The antitumorigenic activity of HNK is thought to be exerted via activation of GR, which accumulates in the nuclei of HNK-treated HCC cells [73]. GR activation stimulates mitogen-inducible gene-6 (MIG-6) expression. MIG-6, which is encoded by the ERBB receptor feedback inhibitor 1 gene (ERRFI1), is a cytoplasmic protein that functions as a tumor suppressor in lung, skin, breast, pancreatic, and ovarian malignancies [74,75,76]. Moreover, MIG-6 is reportedly downregulated in human HCC, and this is correlated with increased expression of EGFR [77]. Given that HNK induces GR translocation to the nucleus, it may be conceivable that MIG-6 expression and subsequent EGFR degradation mediate the ability of HNK to interfere with the progression from NASH to HCC [73]. In addition, ERRFI1 expression in patients with NAFLD decreased in parallel with disease progression, characterized by severe inflammation, strong ballooning degeneration, and advanced fibrosis.

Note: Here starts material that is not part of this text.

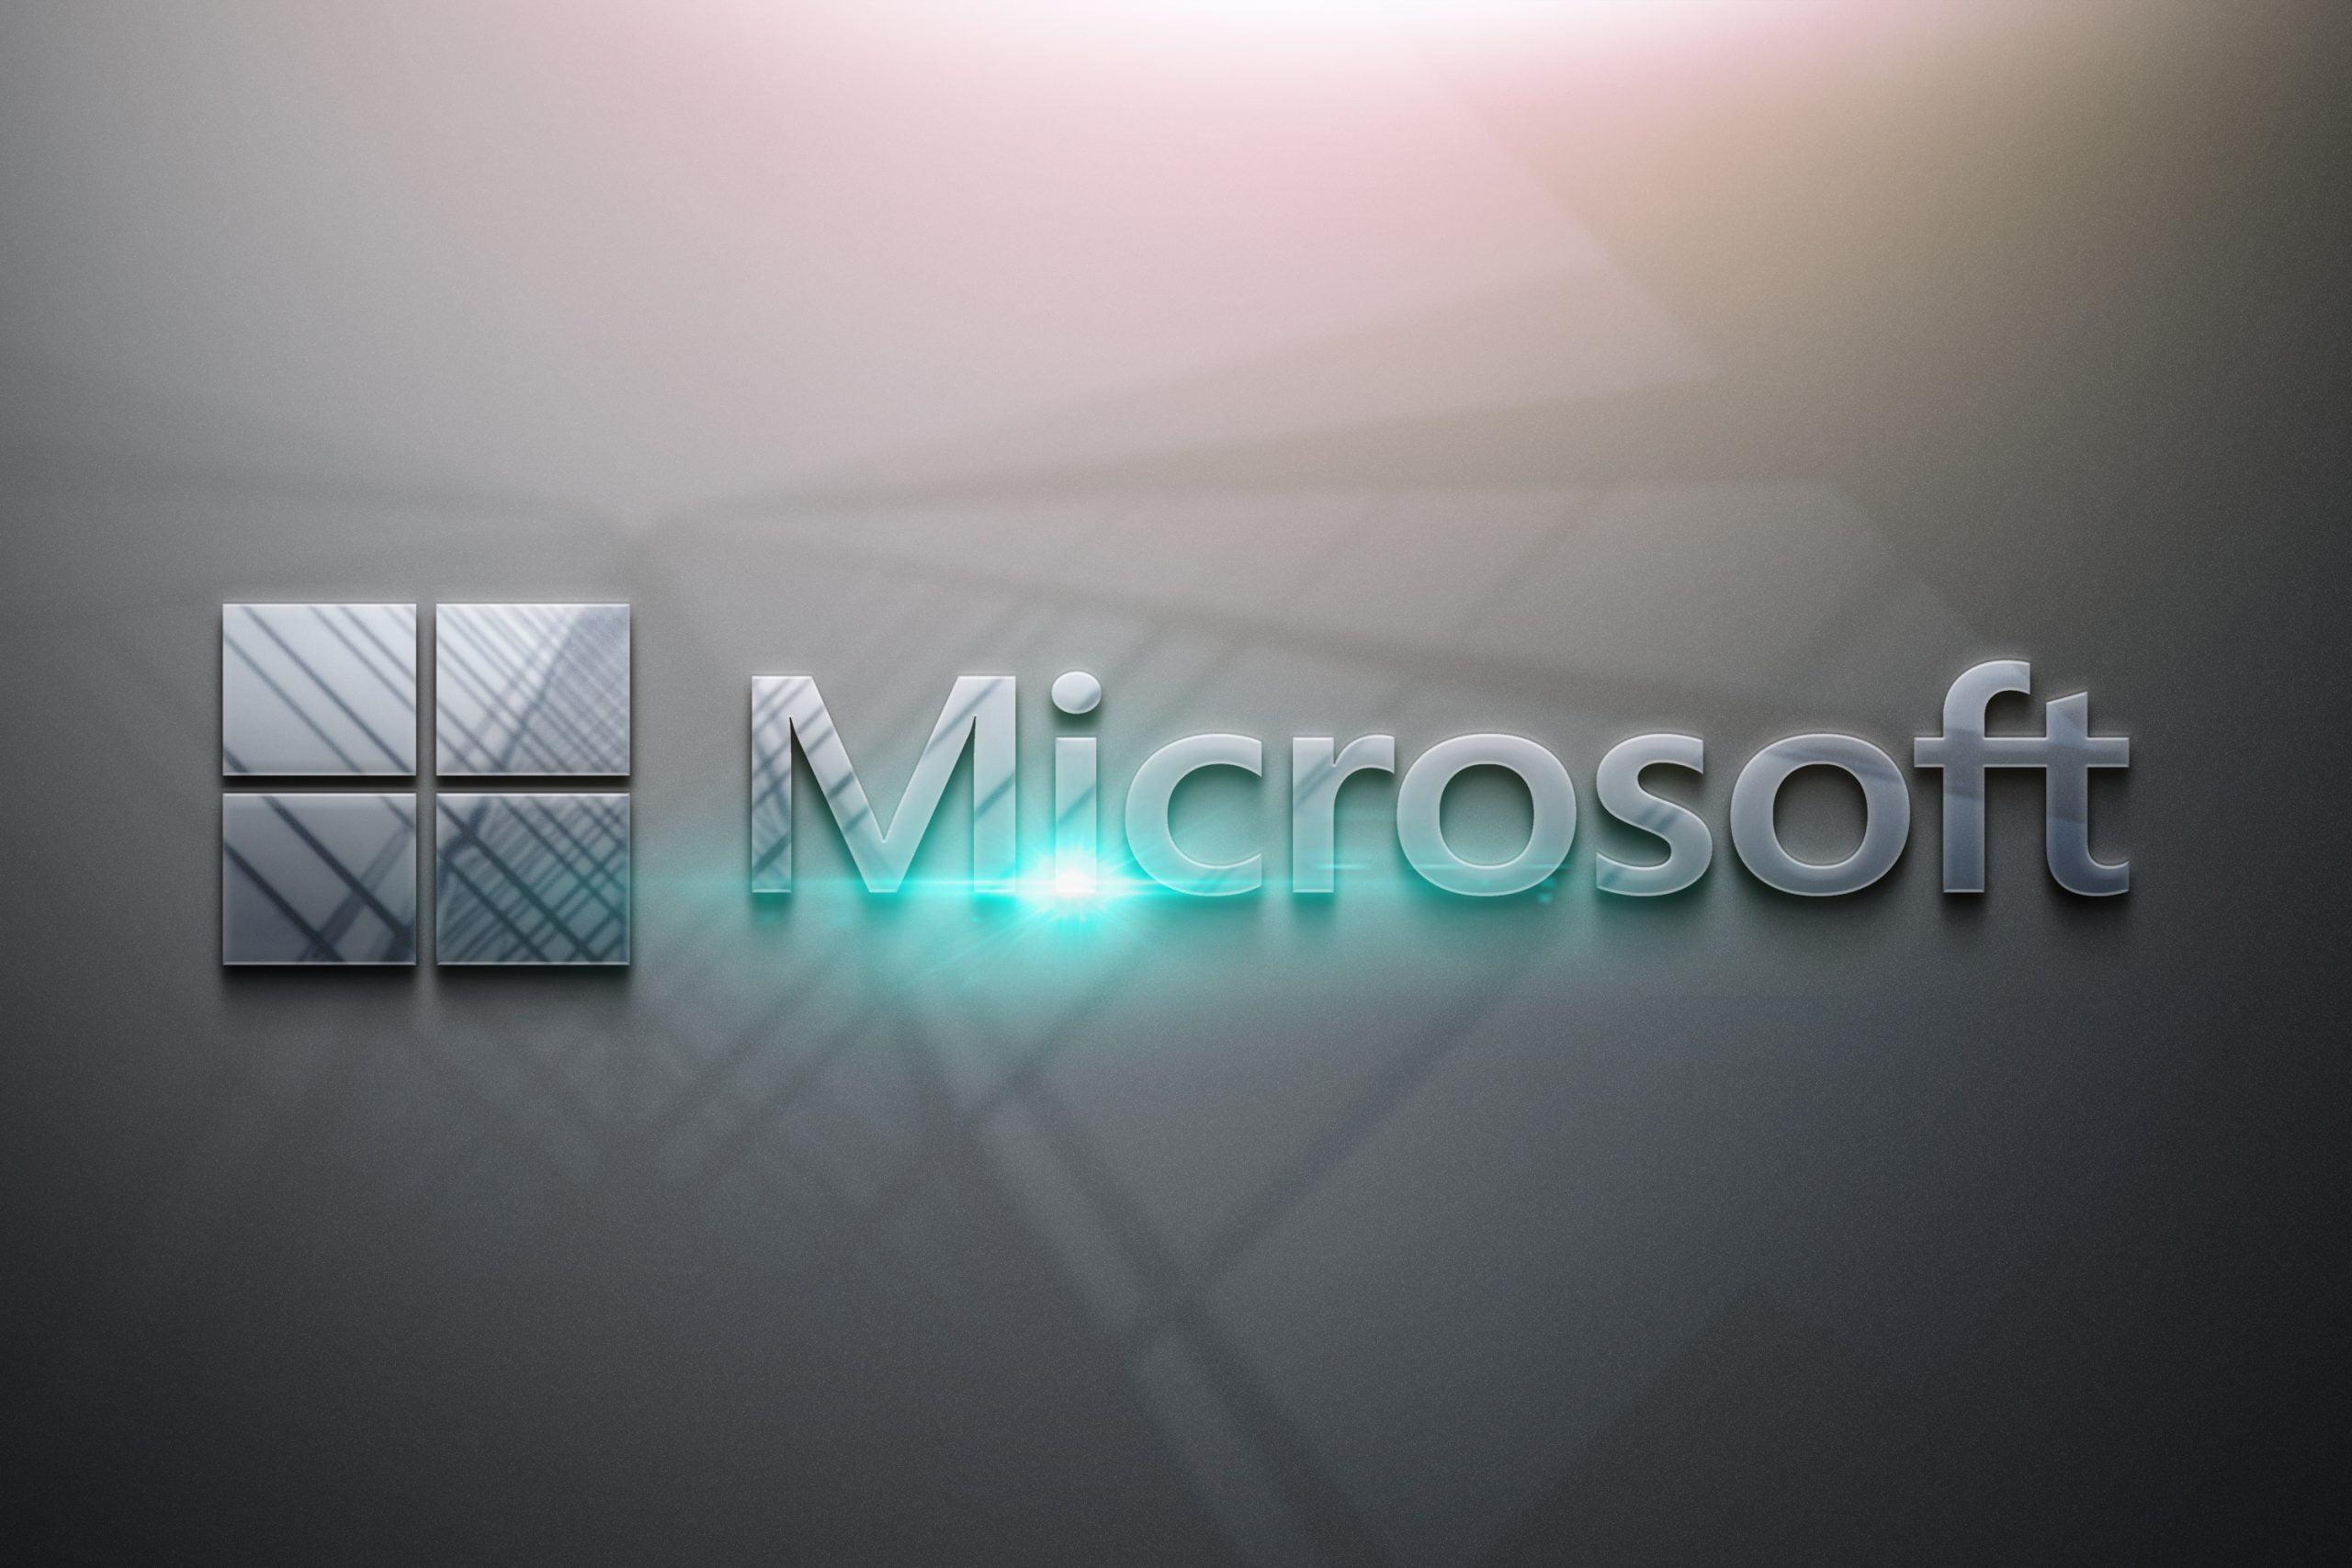 Microsoft-Free-Photoshop-Glossy-3D-Logo-Mockup

Advanced NASH exhibited decreased ERRFI1 and increased EGFR expression, which supports the clinical importance of the MIG-6/EGFR axis in NASH-induced HCC development. Therefore, induction of ERRFI1 expression, in response to GR activation by HNK, could be a strategy for HCC prevention in patients with chronic liver diseases, particularly those with NAFLD [73].
Taken together, the evidence thus far indicates that the GR/MIG-6 axis is implicated in the degradation of EGFR to retard the progression of NASH to HCC. HNK activates MIG6 expression, leading to EGFR inhibition, and exerts anti-tumor effects and anti-fibrotic ones.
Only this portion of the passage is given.